Ways to Prevent Your Coworkers From Finding Out You’re a Scared Little Girl Hiding in Adult Costume

Buy Adult Pants

Drive to the furthest Banana Republic, Gap or J.Crew from your home. Turn off your phone so you can’t be tracked. Find a salesperson and with hushed voice, ask what the most adult pair of pants they sell is. When they direct you to the pants, make up a lie like “these aren’t quite as adult as my last ones I bought on my business trip to Guatemala but they’ll do.” Guess your size.
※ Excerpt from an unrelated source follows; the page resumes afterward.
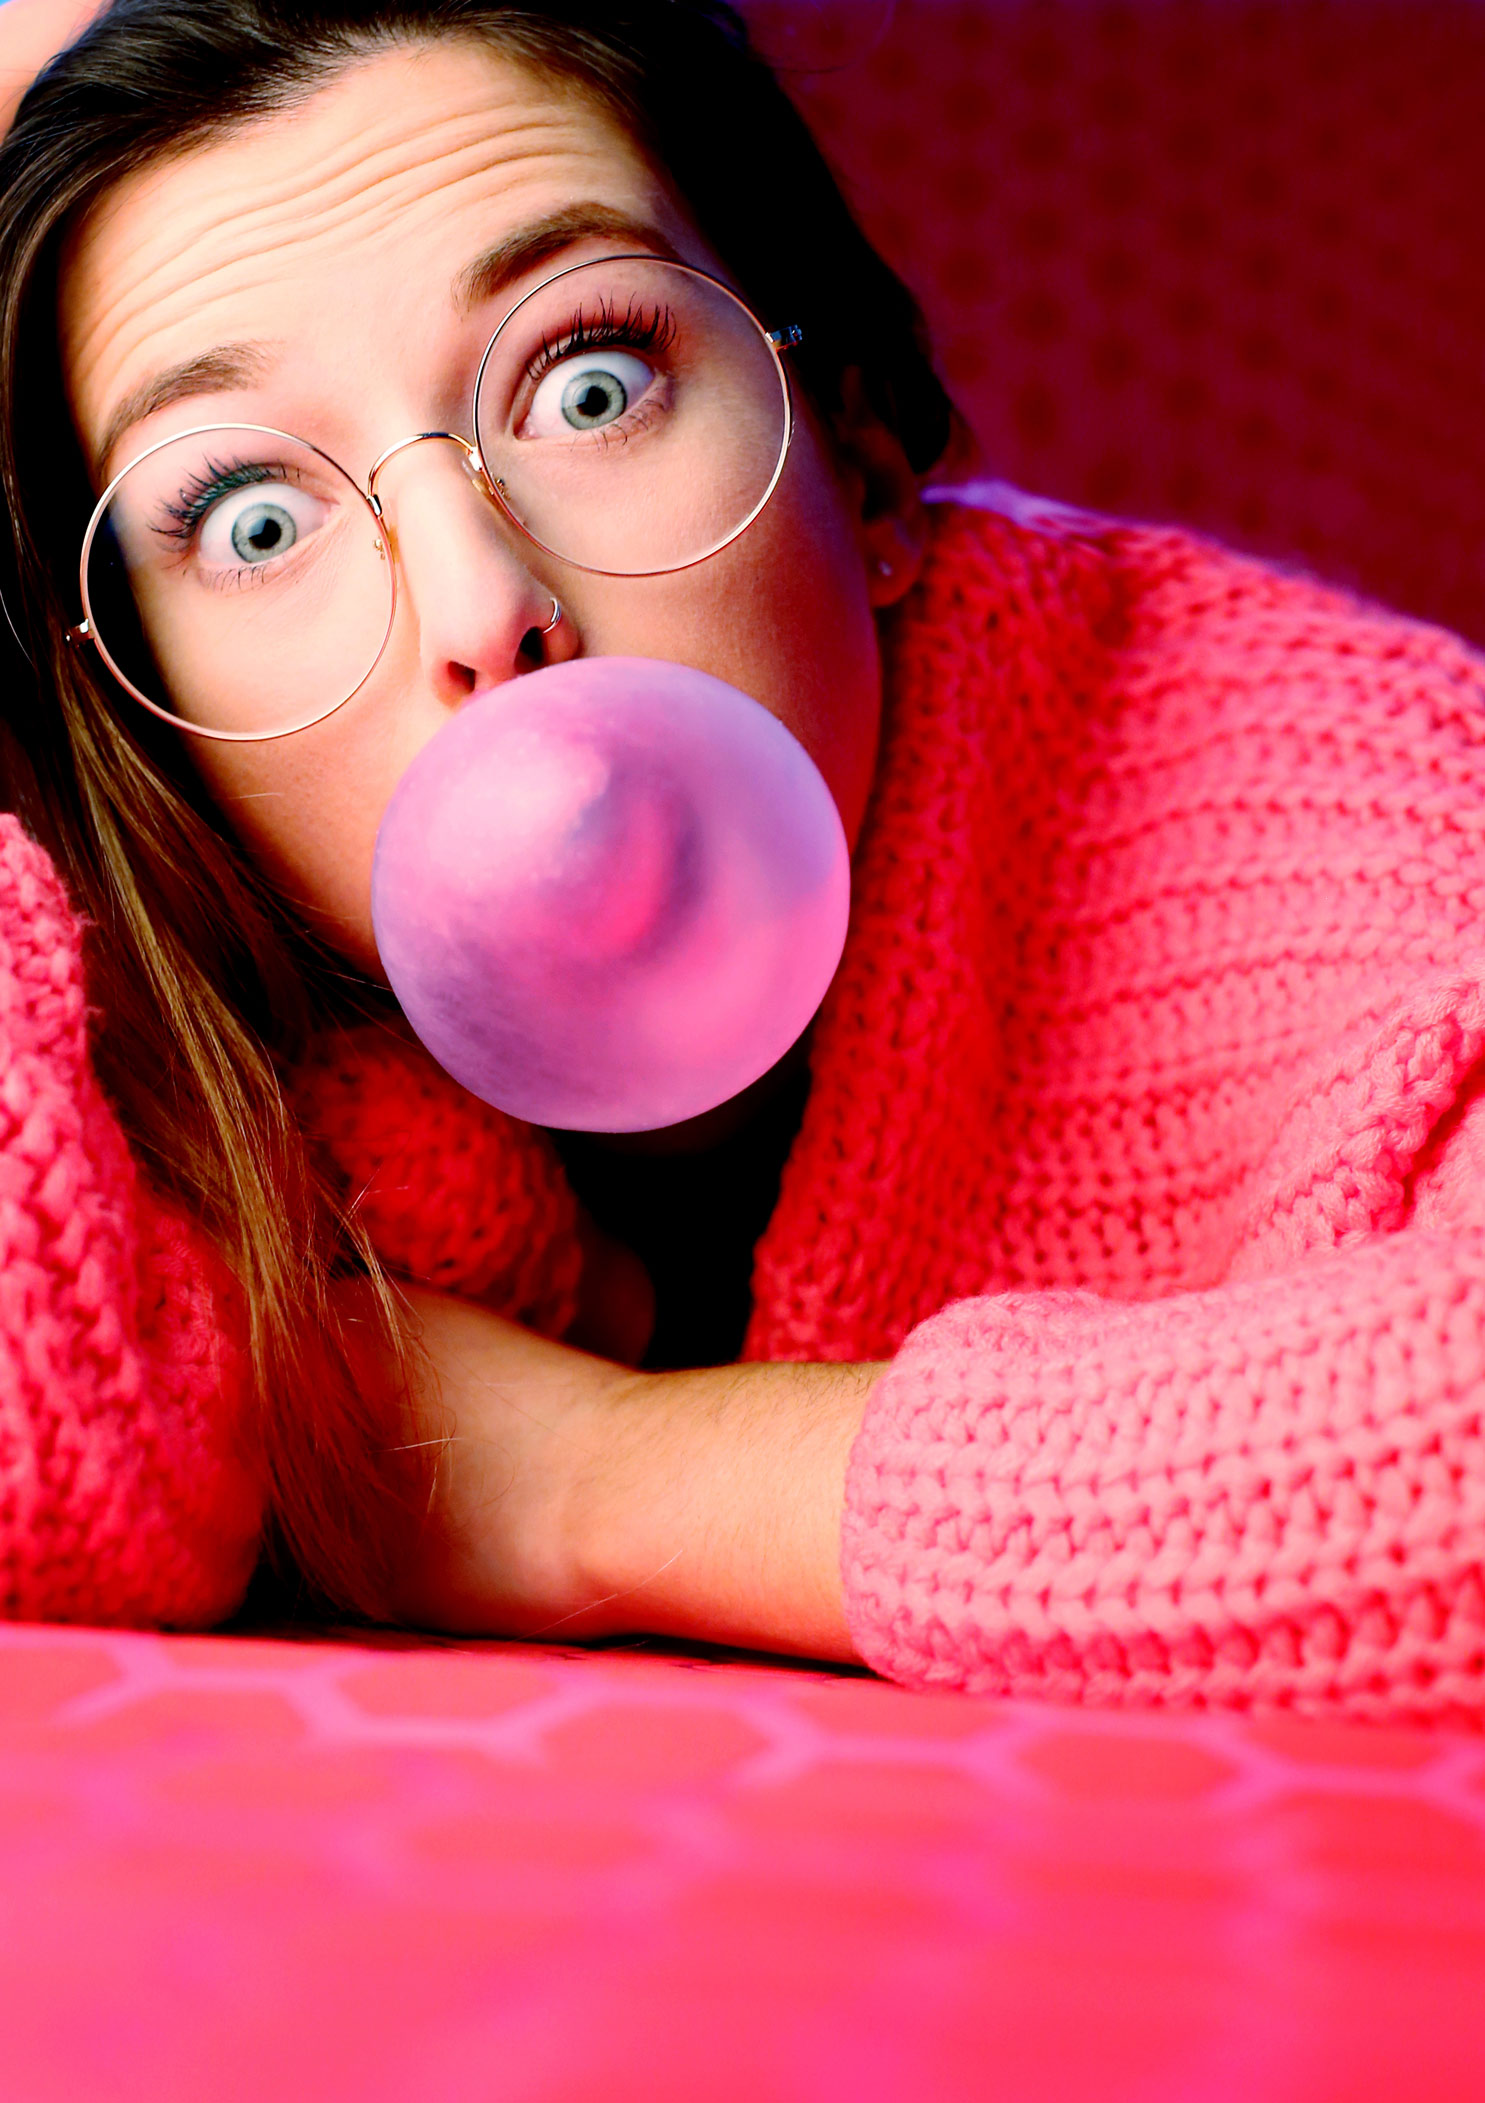 Kaugummiblase think pink Portrait

You gotta get the fuck out of dodge.

Drink black coffee

Proclaim loudly throughout the day the following series of coffee related phrases:

  • I totally can’t work until I’ve had my coffee
  • This is only my fifth cup
  • I don’t even know what creamer is
  • I have a tattoo of an aeropress on my left asscheck
  • I need to make my late afternoon coffee run
  • I prefer a light roast because it has more caffeine

Have a desk plant and a photo of yourself and your significant other (your ex-boyfriend or platonic male exchange student friend works) in a custom frame from an actual frame shop where you know the name and beard style of the man who opened the store

If someone asks you what kind of plant it is, just laugh hysterically like they’re the biggest idiot you’ve ever seen. Swivel your chair in the opposite direction. Practice swivel first so you don’t accidentally swivel all the way around to face them again.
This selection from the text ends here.